Our past comes tumbling out in those stories. For there is not one of us who does not understand that the was-ness of our lives powerfully affects the is-ness of our lives. So much has gone into our making, that we occasionally need to sort the building blocks from the stumbling blocks that are stashed in the basements of our souls.

 

Both are present, of course. For our past is not simple. There is both dark and light there….good and evil there….beauty and horror there. And the mixture tends to bother us, to the point that we conveniently rid ourselves of half of it. Some of us remember only the good stuff. We remember things as being better than they were. All the bad slipped out somewhere. Meanwhile, others of us remember only the bad stuff. We remember things as being worse than they were. When we weren’t paying attention, all the good slipped out somewhere. Both are oversimplifications. And clinging too tightly to an oversimplification is one of the better ways I know of becoming emotionally ill.

 

If you look at the past and say, “It was wonderful….there was no darkness there,” then you can’t help but wonder why the present never quite measures up. Why can’t my turkey ever taste like Mom’s? Why can’t our family table look like the one Norman Rockwell used to paint? Why do we have to sit here listening to Ritter on Thanksgiving Sunday….when, in years gone by, we could have listened to Thomas, Wright or Ward?

 

But if you look at the past and say, “It was terrible…there was no light back there,” then you are going to spend a disproportionate amount of time nursing old wounds, squeezing fresh pus from old abscesses, while downing two-for-one cocktails of shame and remorse. Eventually you end up as one of those people who never go outside without an upper-body sash, the one on which you pin your collection of injustices, hurts and grievances….positioned on the sash by date of occurrence or date of remembrance.

 

Both groups want to go home again. But each group remembers only half the directions. John Claypool writes: “To look exclusively at either the good or the bad is to have partial vision. Instead, we must come to terms with the fact that both dimensions exist, and accept them accordingly.” Claypool then goes on to suggest that Thanksgiving, as a season, can be of particular help to us here. For Thanksgiving involves looking back, with a sense of gratitude for all that is behind us. The danger, of course, is to reserve our gratitude for only those things that are pleasantly behind us.

 

For a number of years, I had reason to be concerned with a young woman who was feeling an intense amount of pain. Very little in her life was going well. Almost everything in her life was going poorly. Her story would have confounded Robert Schuller. On more than one occasion she cried out, usually to me, that she had experienced enough hell to know that she would rather not experience any more. But in an effort to address her problems, she tried one quick-fix method after another. None of which worked for very long. Occasionally she tried the slow-fix method known as therapy.
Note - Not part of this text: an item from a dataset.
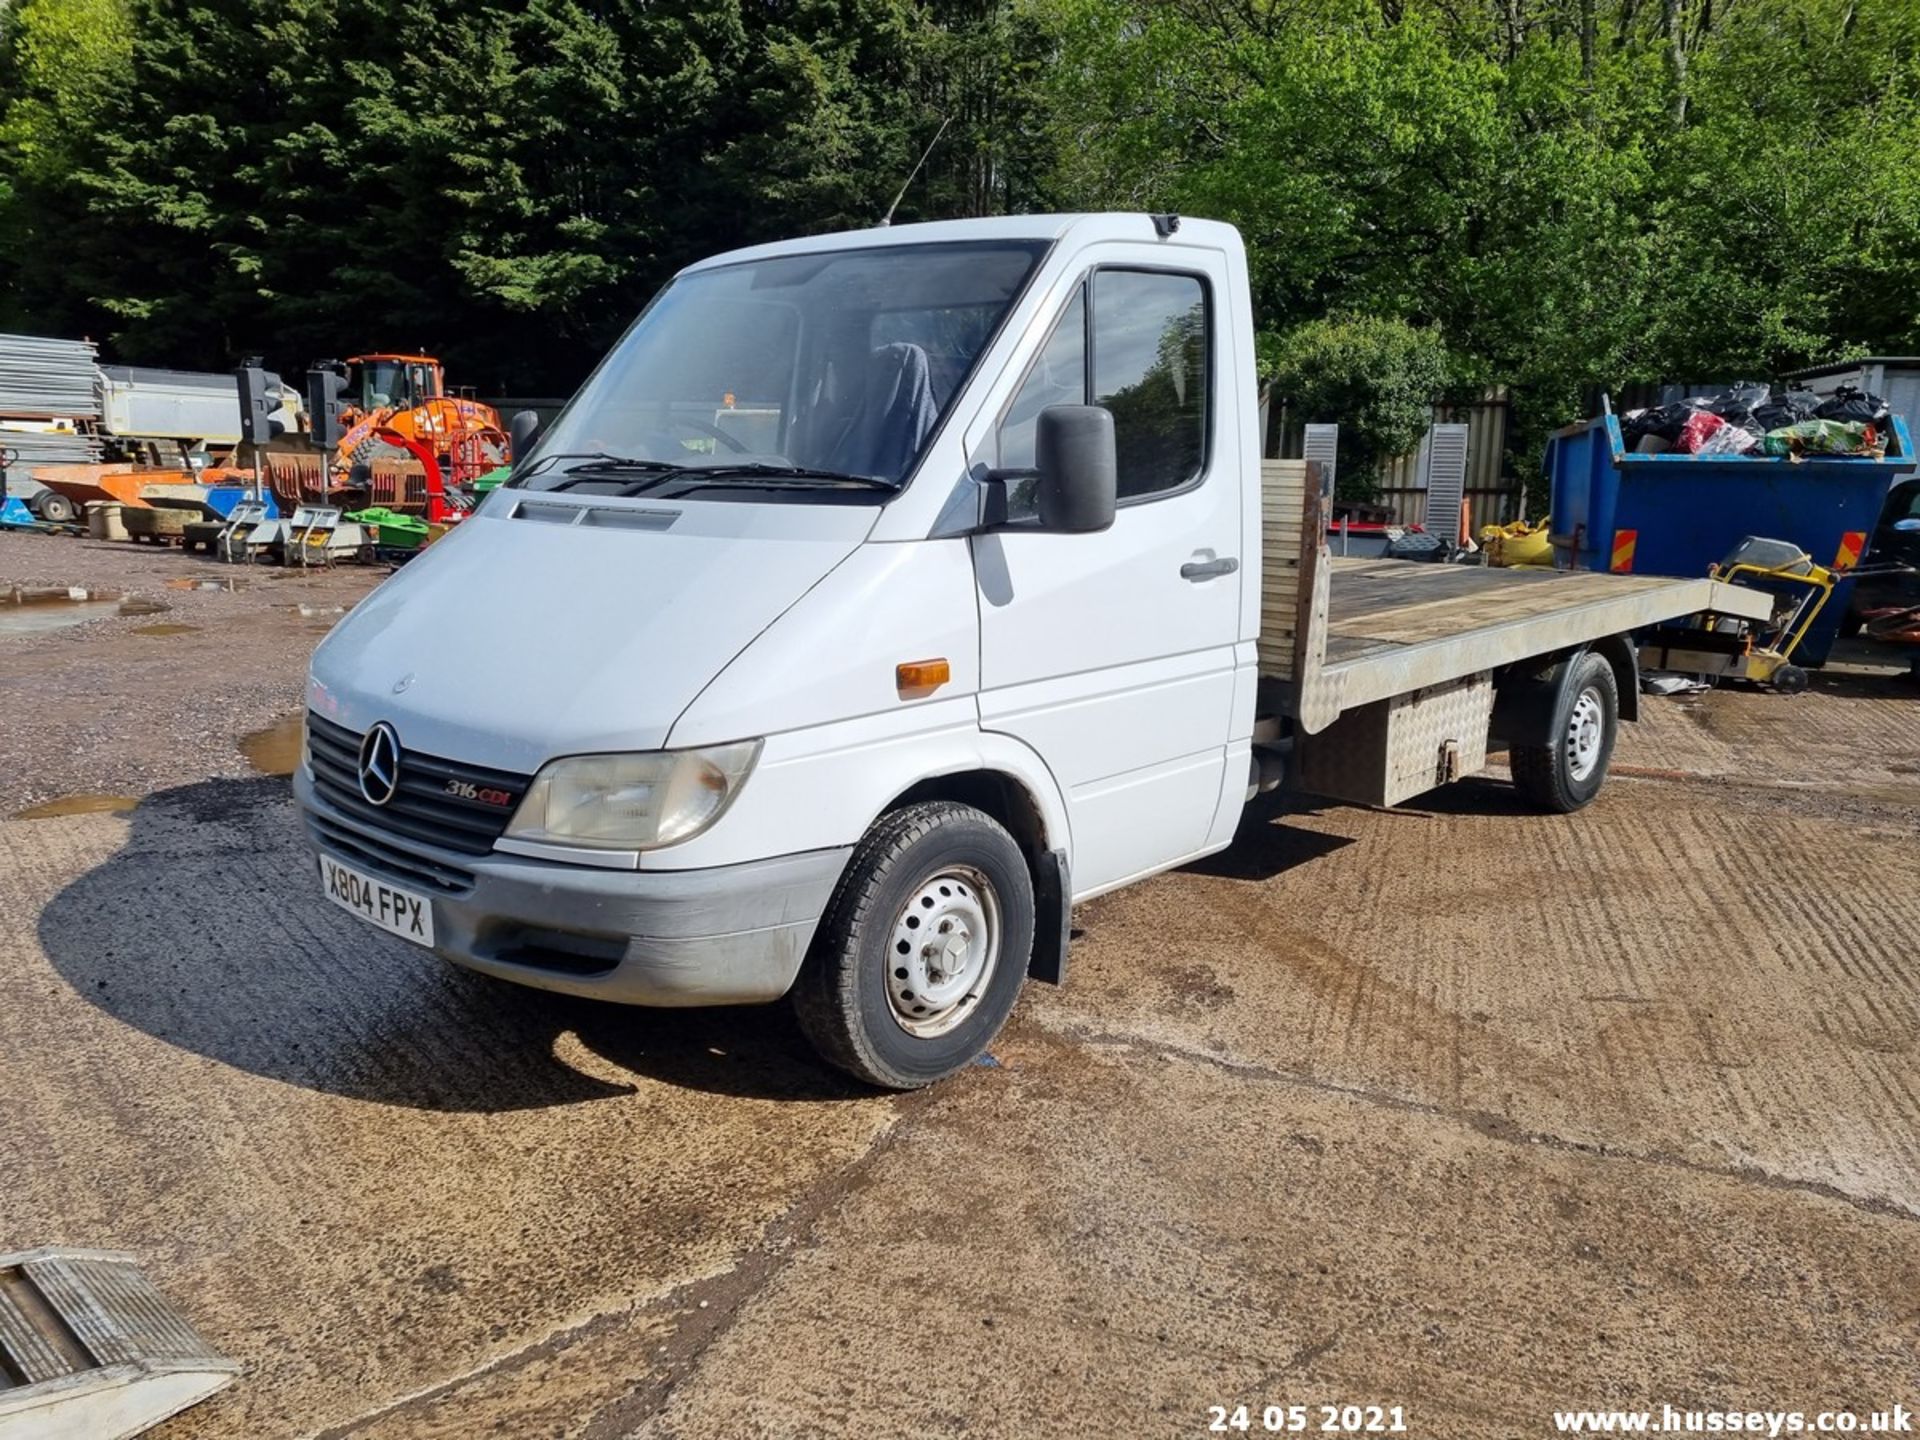 2000 MERCEDES 316 - 2698cc 2dr Flat Lorry (White, 167k) - Image 3 of 12

Which might have worked, had she stayed with it. But she never did. Three or four weeks into each program, she would get a pretty good inkling as to where the process was going and what she would soon be facing. To which she would say: “I’m afraid to look at it. Twice before I tried and had to quit.”

 

So she never saw it through. And whatever it was she couldn’t face in the past, ultimately consumed her in the present. Which explains why she died.

 

Contrast her story with that of a girl named Alice, about whom Keith Miller writes in a book appropriately titled Habitation of Dragons.

 

When I was a little girl, I was put in an orphanage. It wasn’t pretty. But, then, I wasn’t pretty. No one wanted me. I can recall longing to be adopted by a family. I thought about it day and night. I even got close a couple of times. But something always seemed to go wrong. My social worker said I was trying too hard. People would come to look me over and, without meaning to, I would say or do something to drive them away. Then, one day, I was told that a family was coming to take me home. I was so excited that I jumped up and down and cried. My social worker told me it might not be permanent, but there was no way I was able to hear that.

 

One day, a few months later, I skipped home from school to the big, old house where we lived. I saw my battered suitcase sitting by the door. One look at the suitcase and I knew. They didn’t want me. This happened to me seven times before I was 13 years old.

 

As Keith Miller described it, the group reached out to her, trying to do whatever they could for her. Finally she said: “Look, don’t feel sorry for me. You see, I needed my past. It’s part of what led me to God.”

 

Putting his finger on Alice’s point is an old North Carolina hero of mine by the name of Carlyle Marney. He, too, talked about the need to tell the darker truths of one’s own story. Except that Marney did not stop with that grim prospect. He suggested that if this is all one does, one may very well drown in the dirty waters of self-deprecation. “Instead,” he said, “what is needed alongside an awareness of original sin, is an equally-powerfully awareness of original love.”

 

I like that. I’m not entirely sure what it means. I suppose it means that we need to give equal time to the good things that have happened to us. For we have been loved and looked after throughout our lives. From the beginning to the present….when we have been naked and bloody, dirty and of little apparent beauty….we have been picked up, cleaned up, washed up and held. For all the slights and cruelties that we have endured, there have also been ways….equally real and equally tangible….that “goodness and mercy have followed us all the days of our lives.” And at this point in his argument, Marney’s words become beautiful indeed.

 

It is from this point….if we can get to this point….that we begin to make peace with a culture that spawned us, with a mommy and daddy who shaped and mis-shaped us, and with the institutions which blessed and distorted us. We can go through home again. And we can accept whatever stuff God had at his disposal in making us.

 

Thomas Wolfe was wrong. We can go back home again. Not to stay. But to visit….so that we can leave on better terms than we left before. We pass through home, the better to see it with what the Bible calls “second sight.”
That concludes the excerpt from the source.